Reducing the problem to finding the maximum independent set problem
- From a graph G, find at least n nodes (from N) such that there are no edges connecting any two nodes.
- The key idea of the proof: a maximum independent set of n nodes comprises nodes that are not connected, thus the edges are with weight
  1. After adding the new stripe, the maximum weight of any edge in this independent set becomes 1 (from 0 to 1 with one more block), which is minimized.
Solution: a greedy heuristic to place the new stripe.
- Input: current recovery load graph
- Output: n nodes to place the stripe, where the recovery load is the smallest possible
- Algorithm sketch:
  - It iteratively finds n nodes from N nodes.
    - First, randomly select the first node with the smallest weight (connecting to the neighbors)
    - Next, filter out invalid nodes (violating fault tolerance)
    - Third: find nodes that can satisfy uniform distribution
    - Fourth: find nodes with the currently smallest weight
Redistribution of data upon full-node recovery
- Propose a greedy heuristic (Algorithm 2), which is very similar to Algorithm 1
- Algorithm 2 is repeatedly called to place data for each stripe
When new data comes, Algorithm 1 is repeatedly called for each new stripe to reduce the maximum load of full-node recovery
Discussion: how to handle the situation when new nodes are added (instead of new stripes)
- Limit the number of nodes selected from the new nodes to place the new data
Evaluation
- The design shows a more random data placement, and smaller variance on load distribution
- The design shows that the system is capable to reduce the variance of load distribution upon new disks added
- The design shows significantly reduced full-node recovery time
- Performance:
  - Implementation: based on RCStor (SOSP’23 Geometric Partitioning)
  - Evaluate RS, LRC and Clay code
  - Homogeneous network settings
  - Evaluation shows that the placement algorithm significantly reduces the full-node recovery time versus the random data placement algorithm

Strength

The paper considers an iterative algorithm to generate data placement to reduce the full-node recovery time.

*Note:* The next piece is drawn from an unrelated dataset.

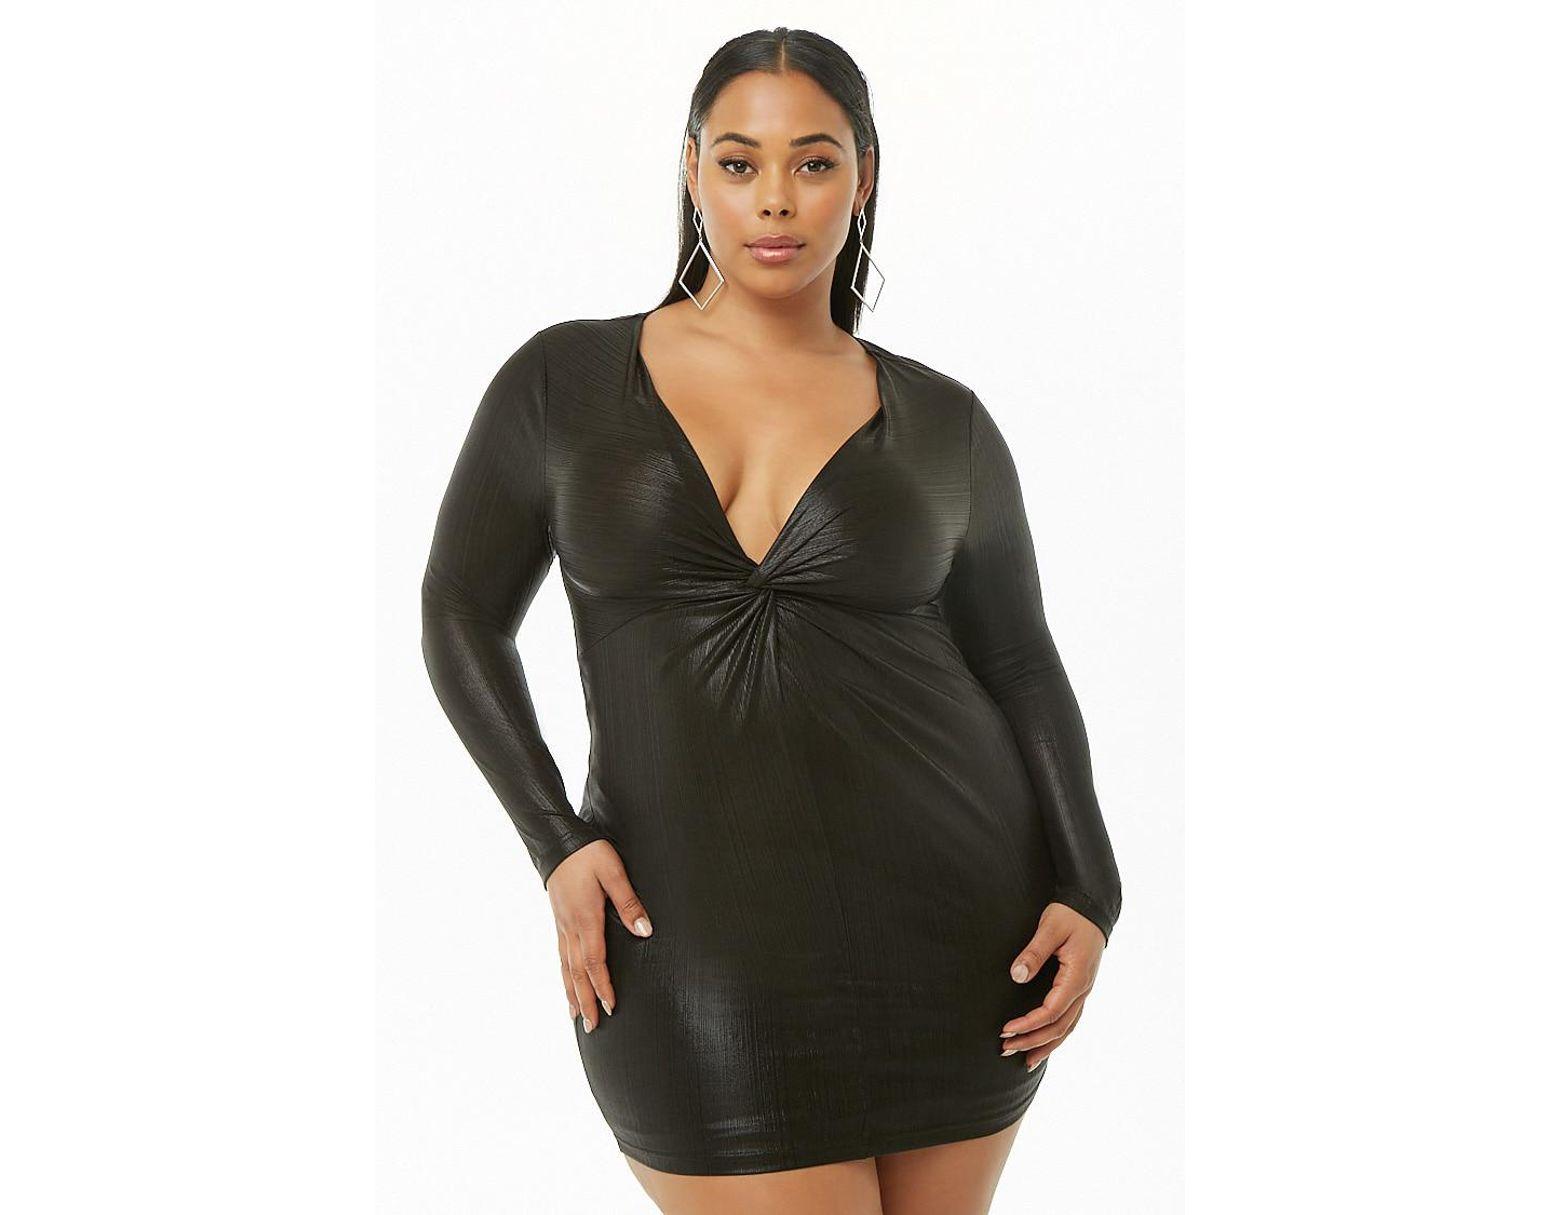 751bfd5a51 Forever 21 Women's Plus Size Metallic Twist-front Dress in Black - Lyst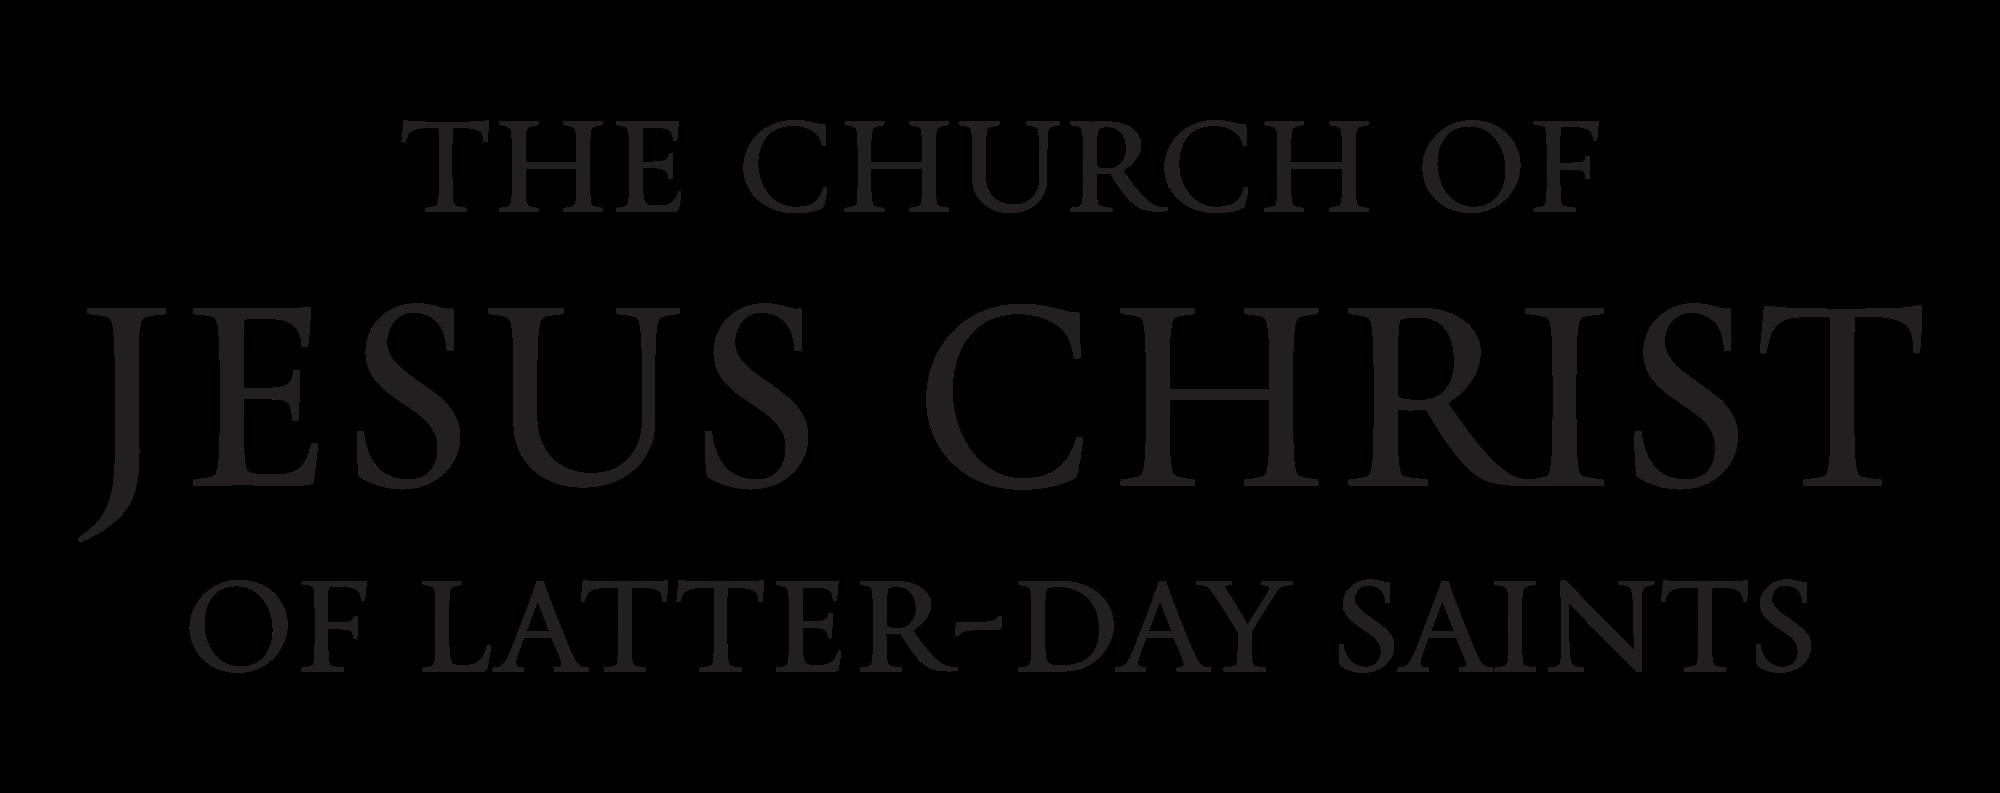 E clipart latter. File logo of the

The problem formulation is interesting, although not easy to understand at the beginning. It assumes data are added to the system iteratively. Based on the assumption, it designs placement algorithm to place each of the new stripe, such that the data are as evenly distributed as possible, while the maximum recovery load is reduced. It formulates the problem and prove the NP-hardness of the problem.

Weakness

The most important weakness is that the recovery load matrix for each stripe is fixed. Even though it’s OK for RS code (with n - k = 1) and Clay code (with d = n - 1), in general, it’s not reasonable for a lot of codes, where there are numerous repair load matrices. The assumption is that it picks one of the candidate repair load matrices, and uses it for all stripes. Actually this assumption overlooks the MDS property, where collecting any k of n blocks are able to reconstruct the data.
It considers the data are iteratively added to the system. Whether the algorithm is capable of adjusting existing data placement to a recovery load -balanced placement worth exploring.